Oregon Woman Suffrage History Month to Month

Portland Women Celebrate Federal Amendment Victory, August 28, 1920

Oregon women celebrated the ratification of the Nineteenth Amendment, which states that “the right of citizens of the United States to vote shall not be denied or abridged by the United States or by any State on account of sex,” at a luncheon at the Benson Hotel in Portland on August 28, 1920.

“Suffragists Here Celebrate Victory,” Oregonian, August 29, 1920, 20.

August 28, 1920 Oregon Women Celebrate the Achievement of National Woman Suffrage

Some 230 women gathered at the Benson Hotel in Portland on Saturday, August 28, 1920 to celebrate the ratification of the Nineteenth Amendment, which made woman suffrage the law of the United States. Oregon women had had full voting rights for almost eight years. Both houses of the Oregon legislature had voted to adopt House Joint Resolution 1, introduced by Representative Sylvia Thompson, on January 12, 1920, making Oregon the twenty-fifth state to ratify the Nineteenth Amendment. Tennessee was the last of the thirty-six states to ratify the amendment and it became part of the U.S. Constitution on August 26, 1920.

Mayor George Baker issued a proclamation asking all Portlanders to participate in a demonstration for noon on Saturday August 28 to recognize the event. Supporters urged mills, factories and churches across the state to ring bells and blow whistles to commemorate the day. At the Benson Hotel women “stood at attention around their tables” at noon for the ringing of the bells as the start of the victory luncheon.

The event commemorated the work of early leader Abigail Scott Duniway, who had died in 1915, and members of “the younger generation” who had been active in the successful 1912 campaign. And those present looked to the future as the Oregon Equal Suffrage Alliance became the League of Women Voters of Oregon with Effie Comstock Simmons as president.

—Kimberly Jensen

Suffragists Celebrate Victory

Further reading:

“Senate Gives Way for Mrs. Thompson,” Oregonian, January 14, 1920, 6

“Oregon Women Joyous Because Suffrage Wins in Tennessee,” Oregon Journal, August 18, 1920, 1.

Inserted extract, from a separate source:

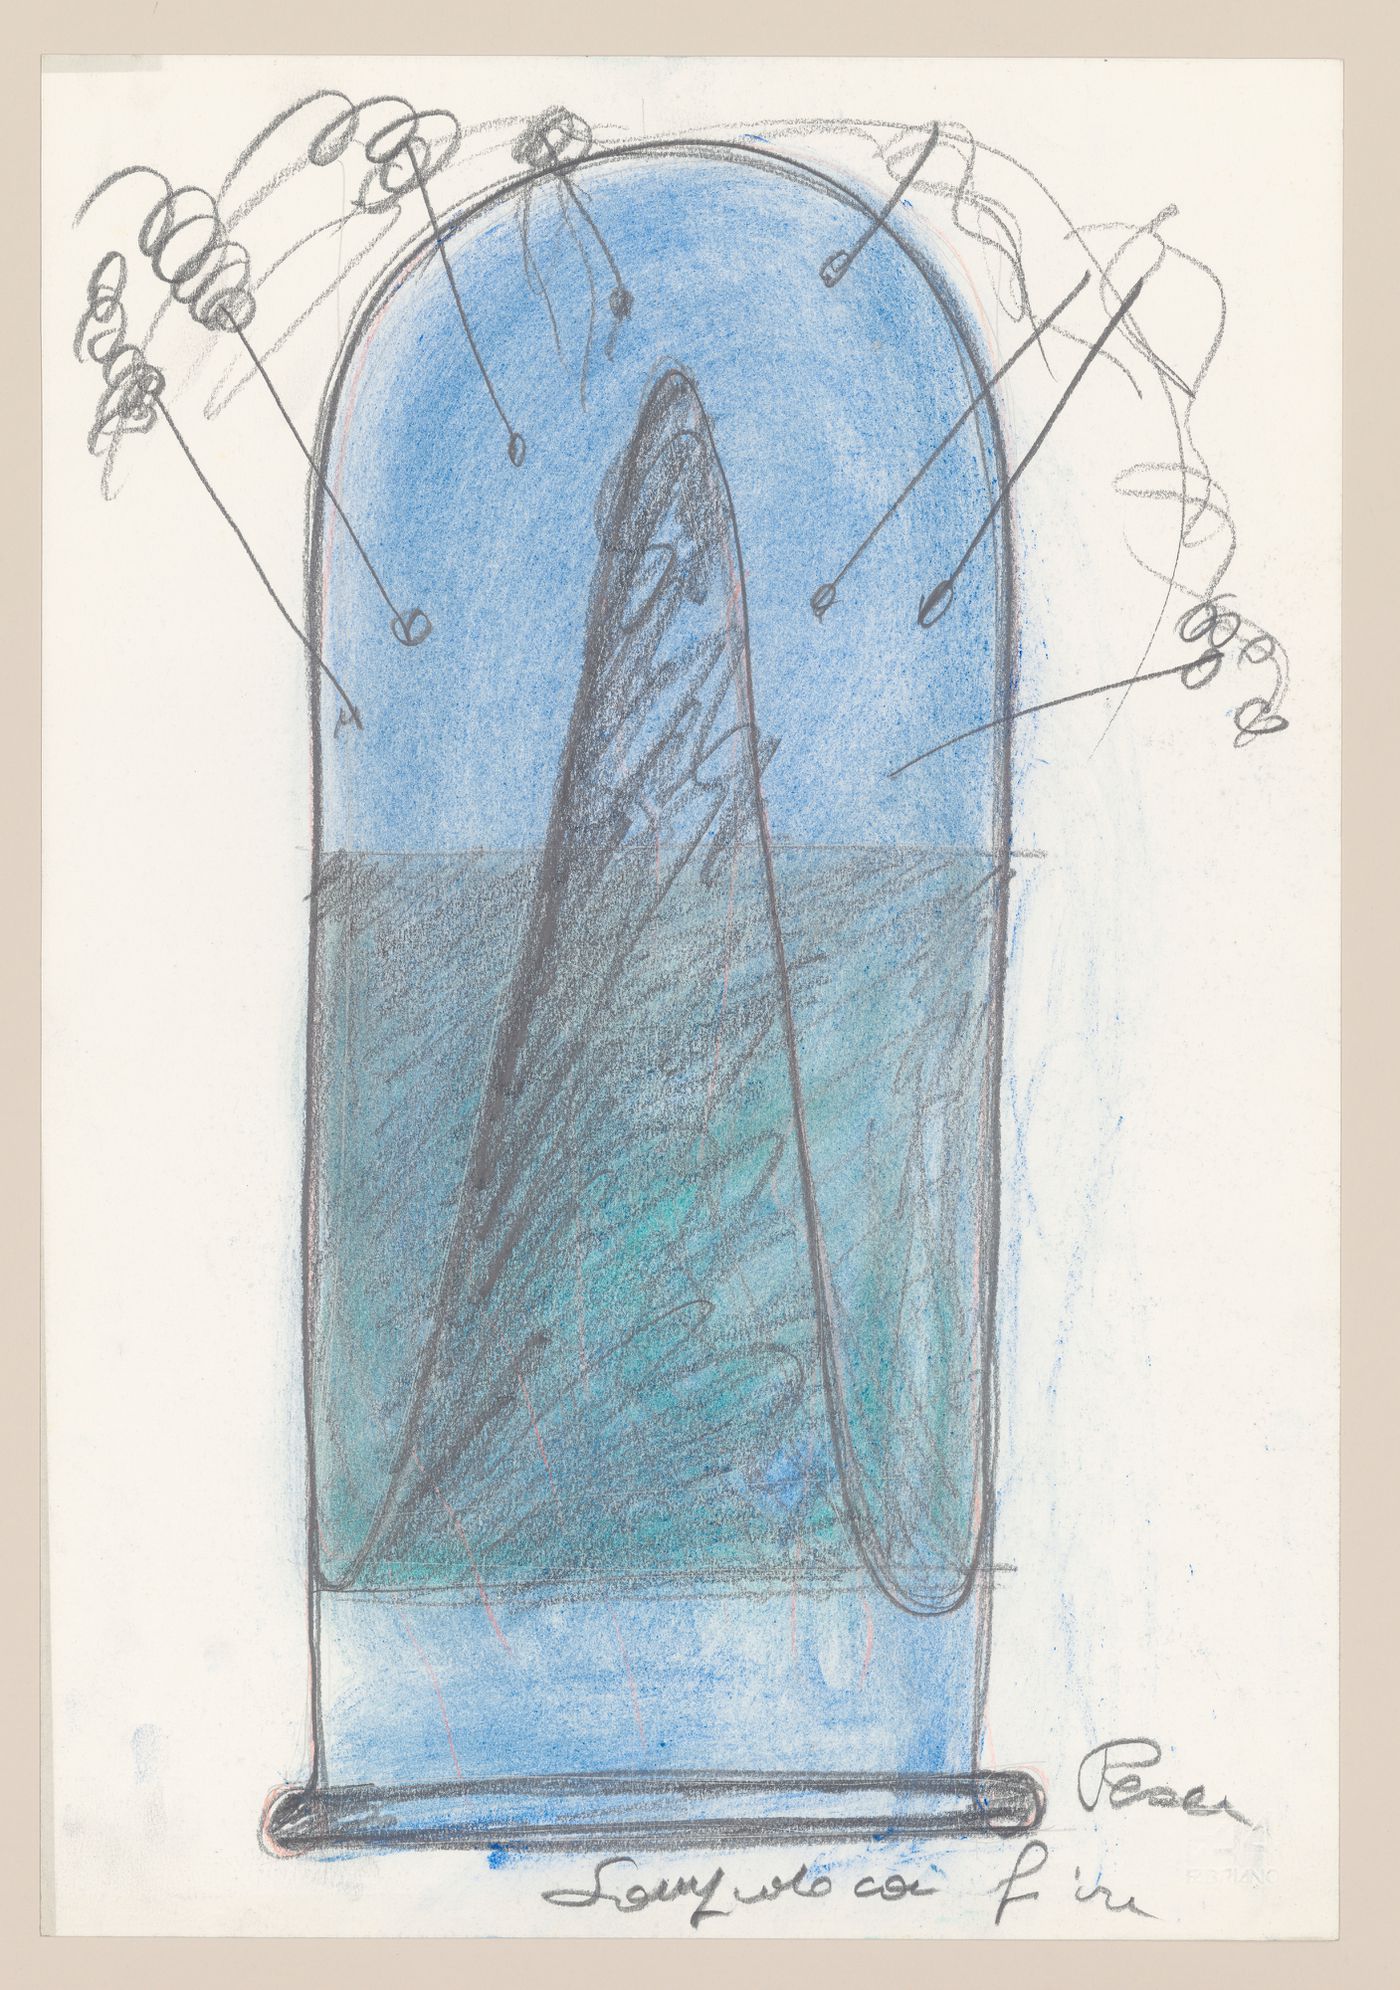 Sketch (from the project-file "Sketches and drawings on various projects, including lamp designs, 1970s-1980s")
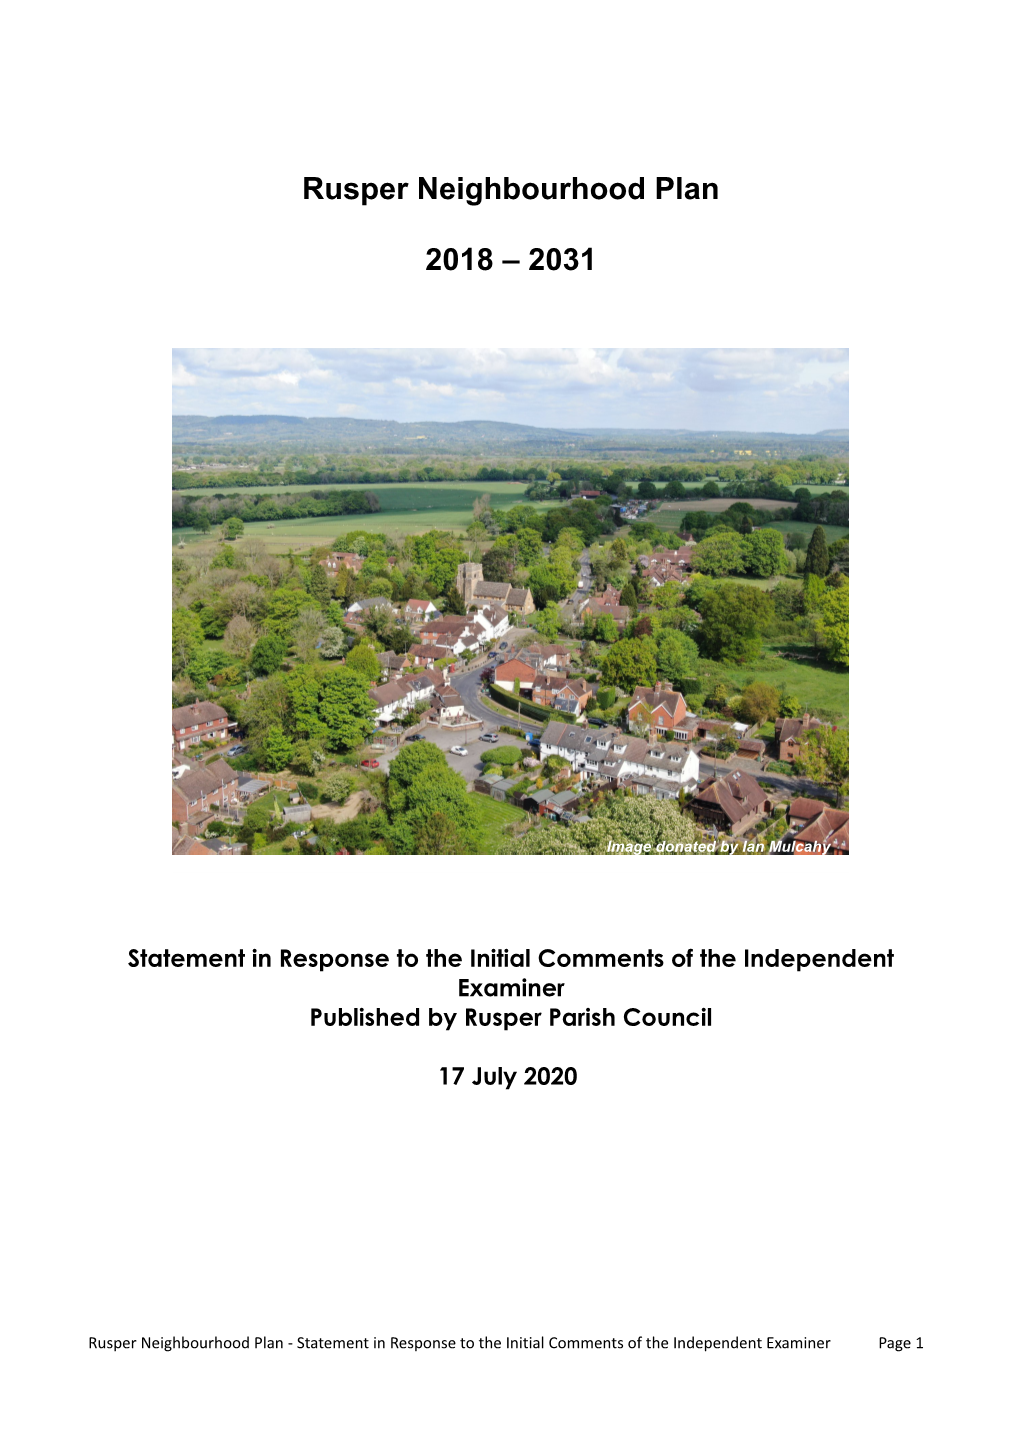 Rusper Neighbourhood Plan 2018 – 2031 Statement in Response to the Initial Comments of the Independent Examiner Contents Rusper Neighbourhood Plan 2018 – 2031

“Women of Portland to Celebrate Saturday,” Oregonian, August 26, 1920, 1.

“Suffragists Here Celebrate Victory,” Oregonian, August 29, 1920, 20.

Jean H. Baker, ed., Votes for Women: The Struggle for Suffrage Revisited (New York: Oxford University Press, 2002)

Sara Hunter Graham, Woman Suffrage and the New Democracy (New Haven: Yale University Press, 1996)

One Woman One Vote: Rediscovering the Woman Suffrage Movement, prod. Ruth Pollack, 1996, DVD, 146 minutes.
www.pbs.org/wgbh/americanexperience/OneWomanOneVote/introduction

League of Women Voters of Oregon www.lwvor.org

 

Want to read more articles from Oregon suffrage campaigns? Click here

Posted by history class on 08/06 at 08:13 PM
Permalink


July 1912 Portlanders Screen the film Votes for Women starring Anna Howard Shaw and Jane Addams

“Motion Pictures Plea for Equal Suffrage,” Oregon Journal, July 17, 1912, 5.


July 17-19, 1912 Suffrage Film Votes for Women at the Star Theater in Portland

By July 1912 workers across Oregon were active in the final campaign for woman suffrage that would result in victory in the November election. Oregon suffragists were building their campaign by using mass media and advertising techniques to get their message across to voters in early twentieth-century consumer culture.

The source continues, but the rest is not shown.